[Start of section]

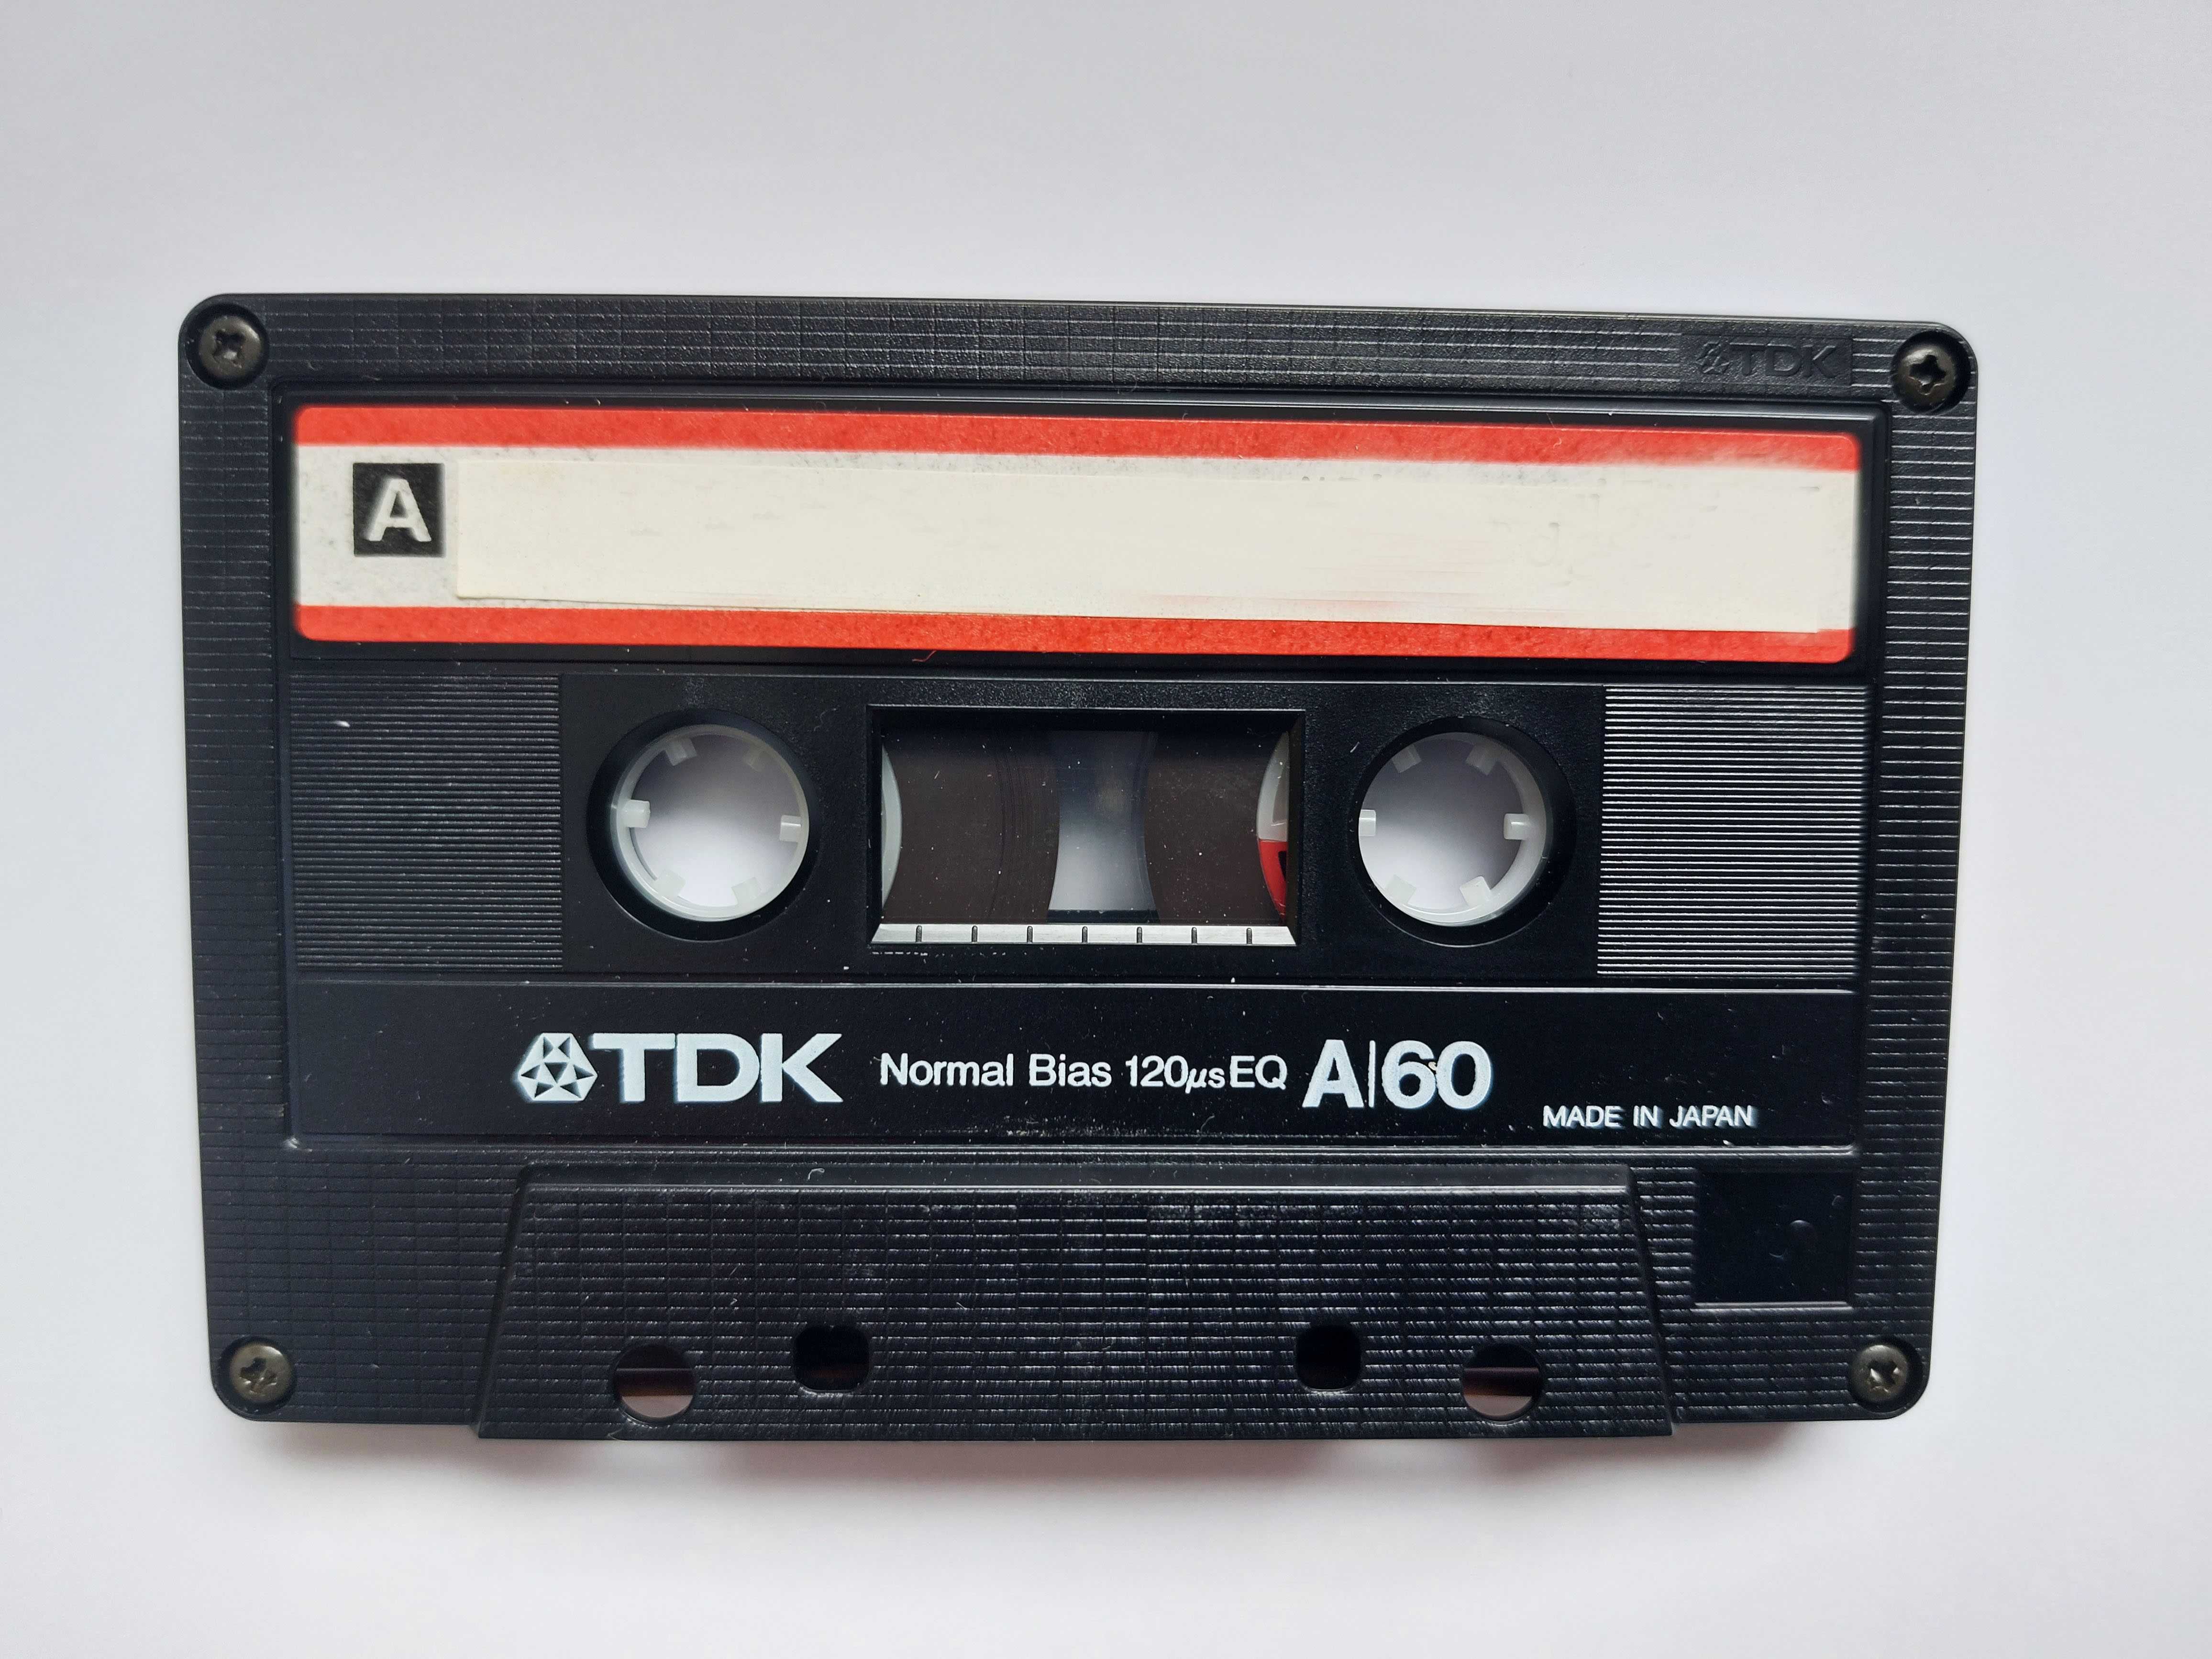 kasety audio używane do ponownego nagrania - zestaw 5 sztuk
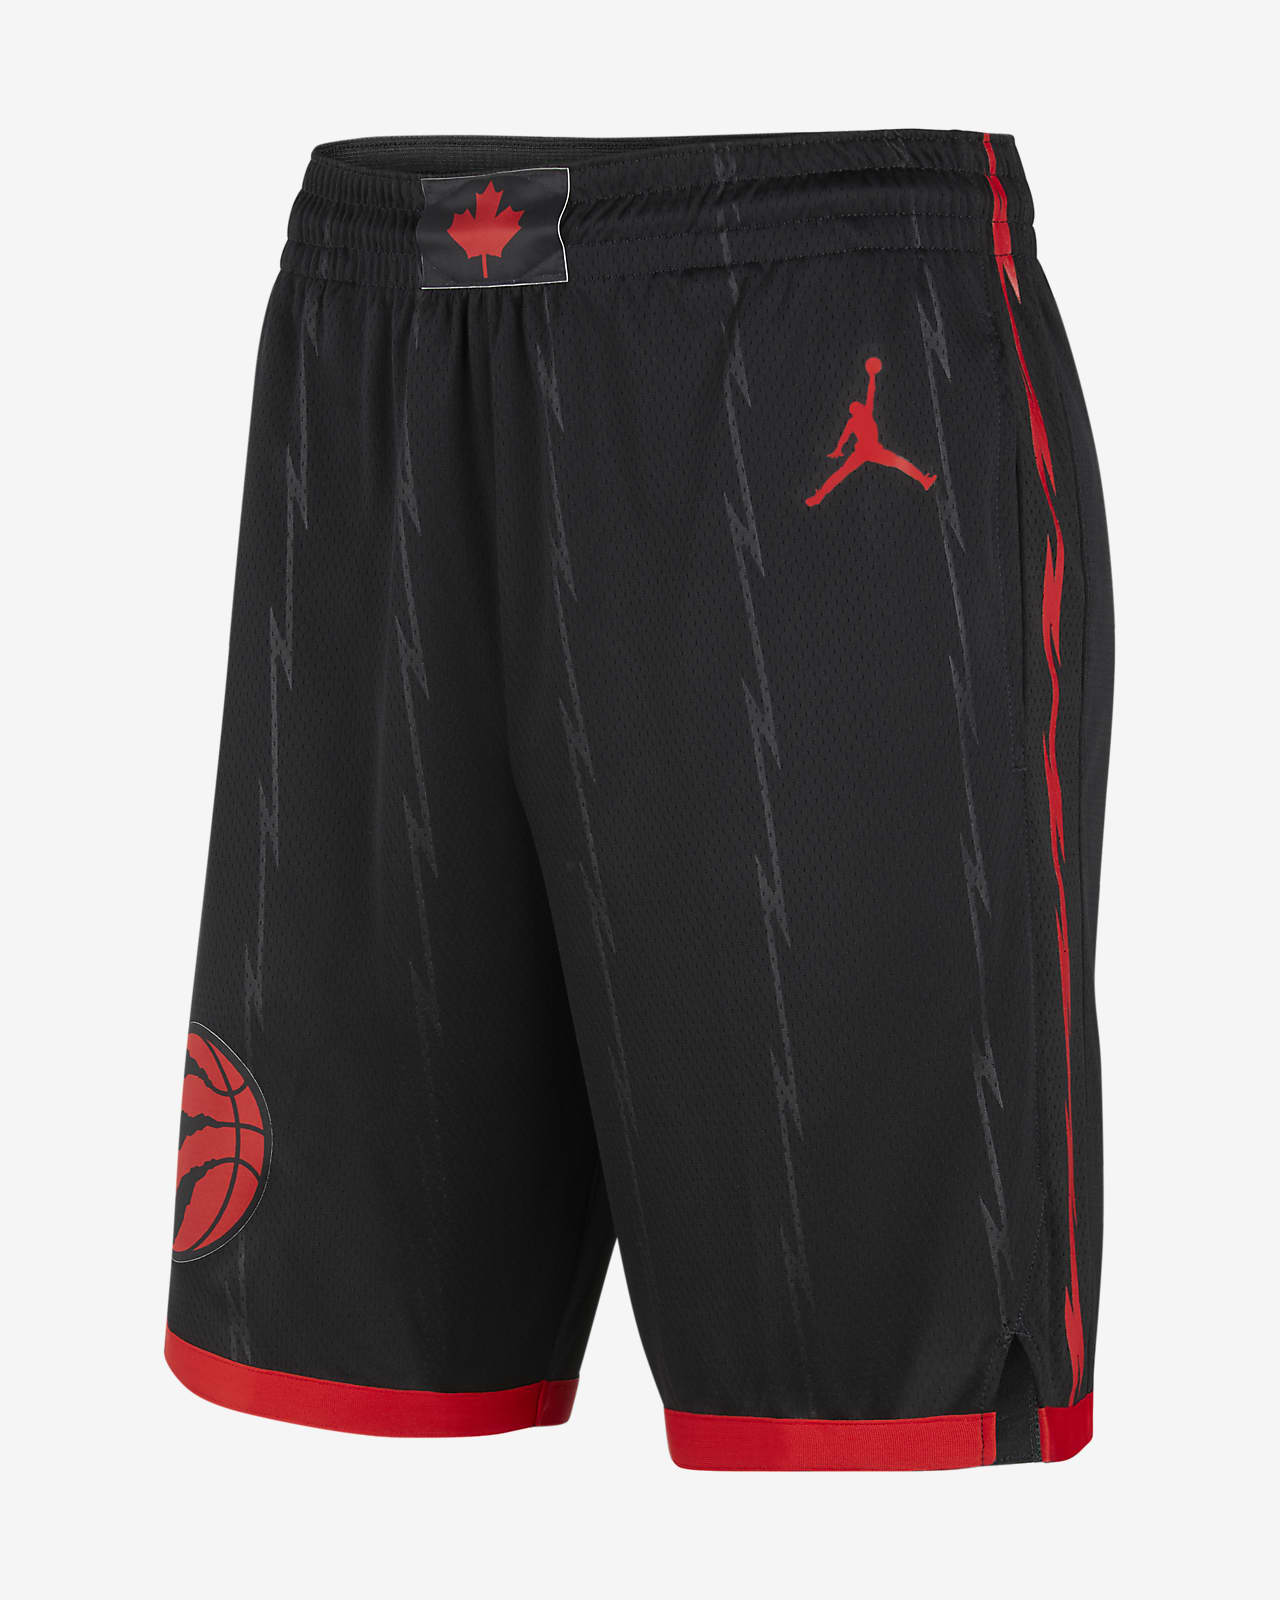 مبخرة الكترونية Raptors Statement Edition 2020 Men's Jordan NBA Swingman Shorts ... مبخرة الكترونية
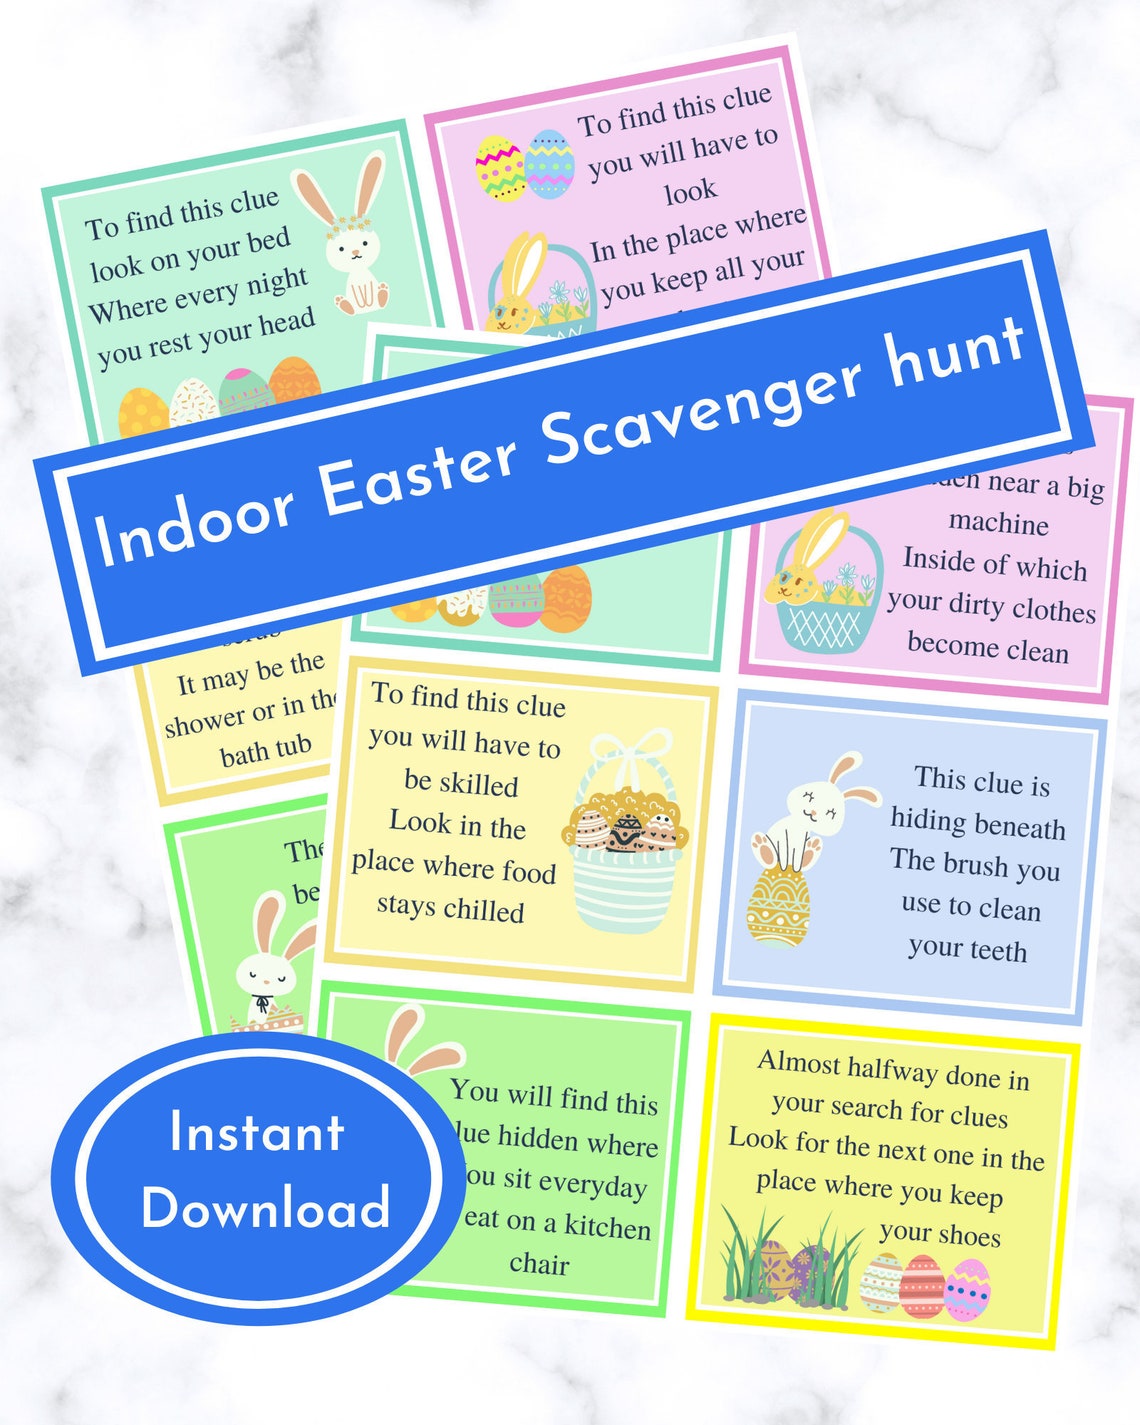 Indoor Easter Scavenger Hunt Easter Egg Hunt Clues Printable - Etsy

[End of section]

This task calls for an exact copy of the data above, without pictures.

## Answer area
 kasety audio używane do ponownego nagrania - zestaw 5 sztuk
 مبخرة الكترونية Raptors Statement Edition 2020 Men's Jordan NBA Swingman Shorts ... مبخرة الكترونية
 Indoor Easter Scavenger Hunt Easter Egg Hunt Clues Printable - Etsy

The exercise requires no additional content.